Damaged data is delivered to the application: look at the window on the left!

We were also able to reproduce this test system on cloud platforms. The default Kubernetes configuration shows the same picture (for example, when using the Google Container Engine). The default Docker configuration (with NAT) is secure, and the Docker configuration on IPv6 is not.

We eliminate the error

After studying the network kernel code, it became clear that this error was in the veth module of the kernel. In the kernel, in packets that come from real network devices, the parameters ip_summed are assigned the value CHECKSUM_UNNECESSARY if the hardware has checked the checksums, or CHECKSUM_NONE if the packet is bad or it was not possible to check it.

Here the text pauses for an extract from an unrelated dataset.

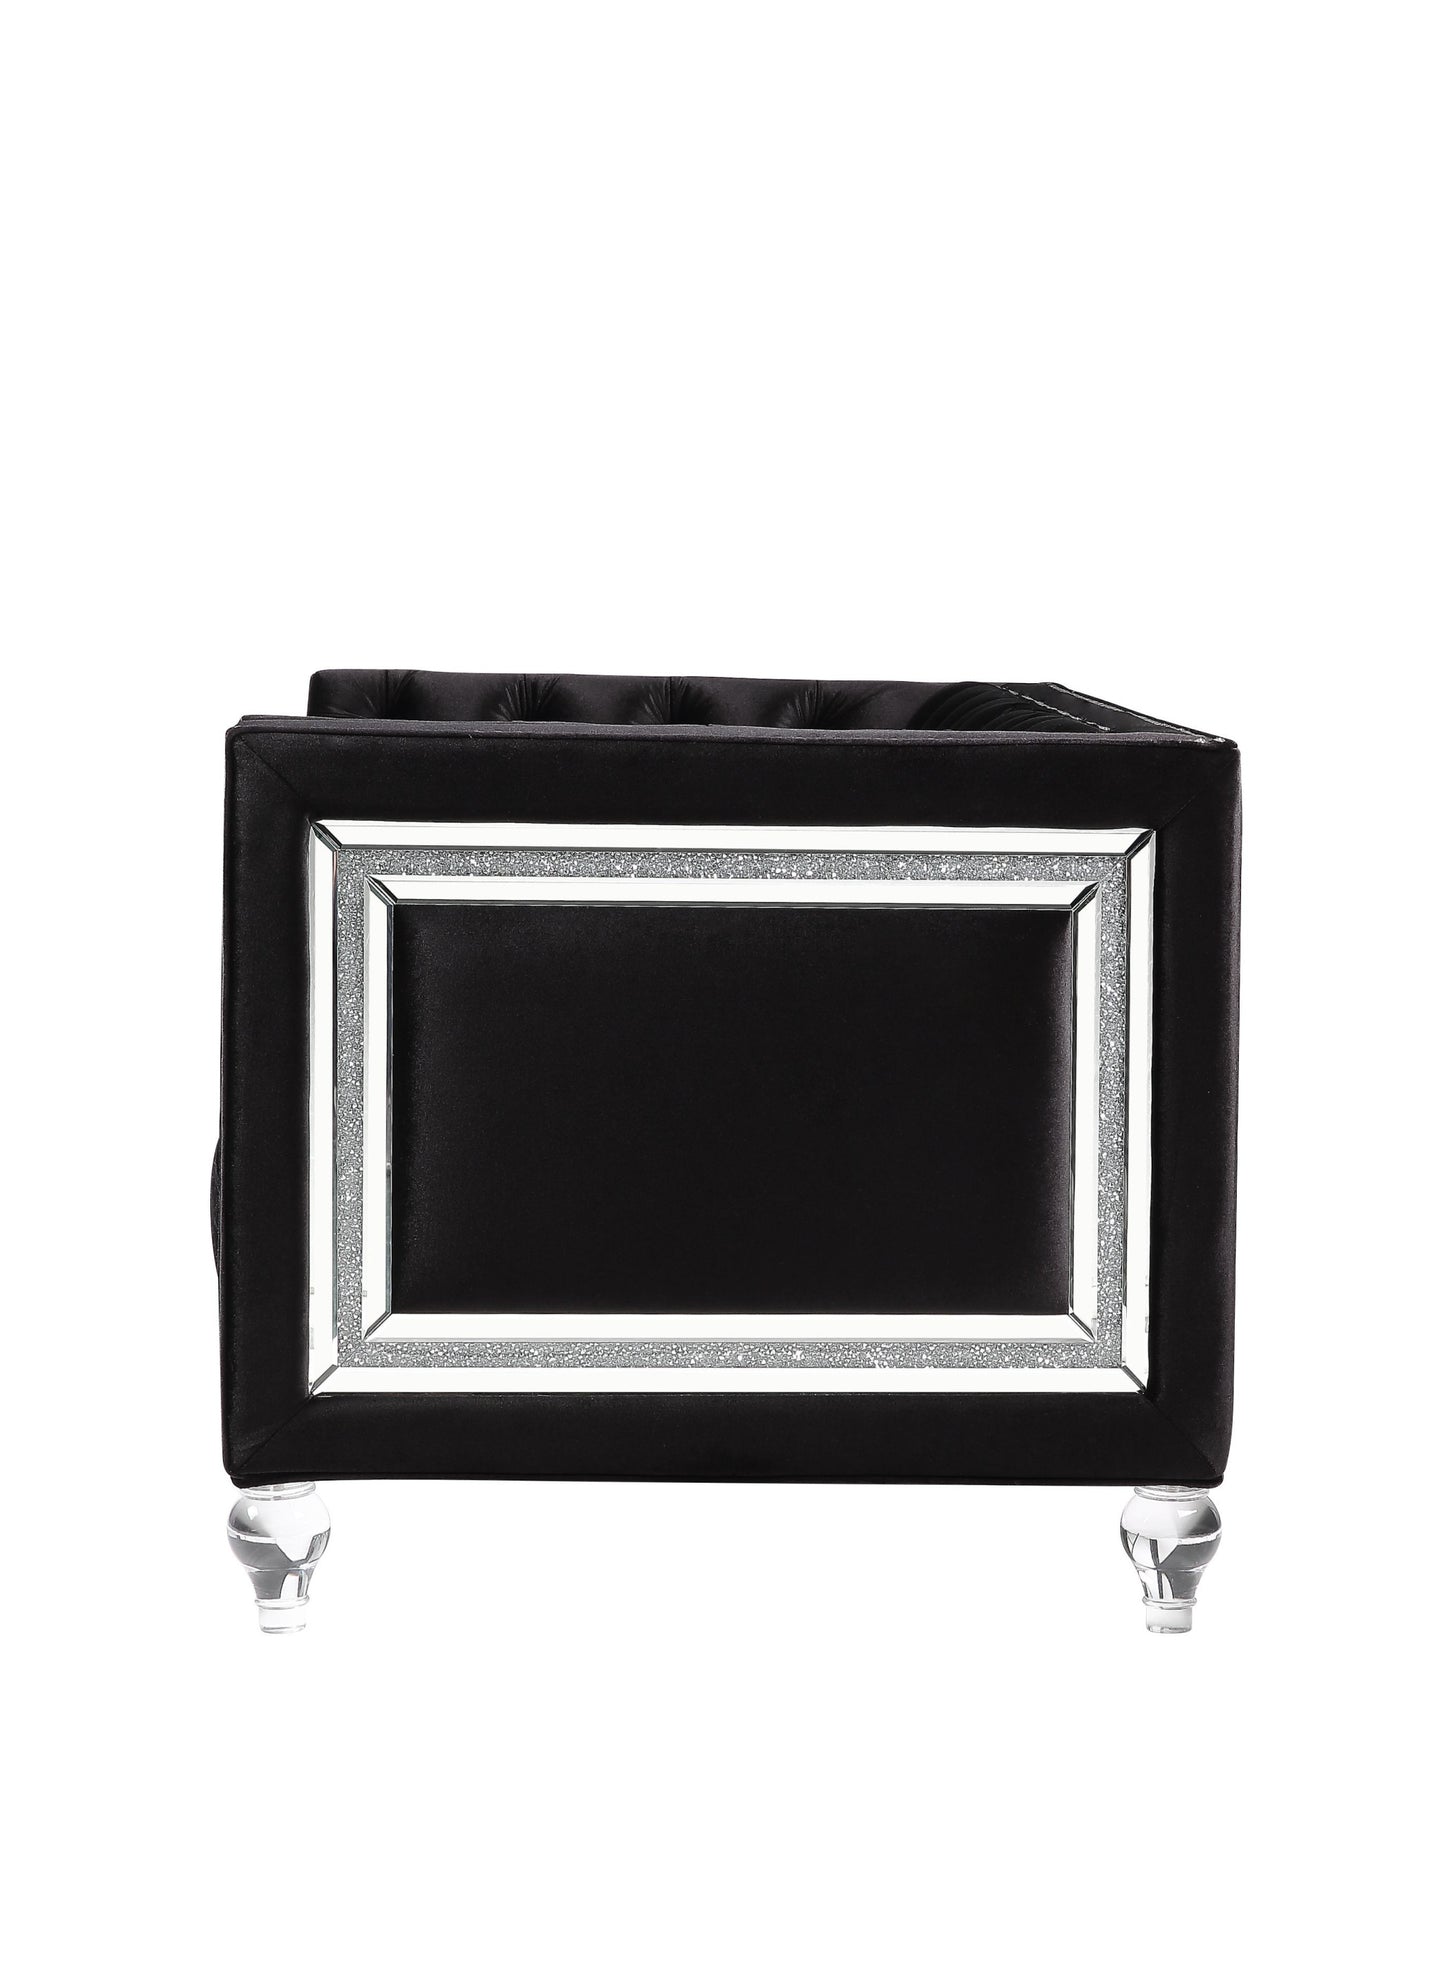 40" Black Velvet Tufted Arm Chair

The code in veth.c replaced CHECKSUM_NONE with CHECKSUM_UNNECESSARY. This led to the fact that the checksums that were to be checked and rejected by the software were simply silently ignored. After removing this code, packets were transferred from one stack to another unchanged (as expected, tcpdump showed incorrect checksums on both sides), and were delivered (or delayed) correctly to applications. We did not check all possible network configurations, only a few common ones, such as Bridge-container connection, using NAT between the host and the container, and routing from real devices to containers. We effectively implemented this in the work of Twitter (disabling the calculation of the checksum when receiving and unloading veth-devices).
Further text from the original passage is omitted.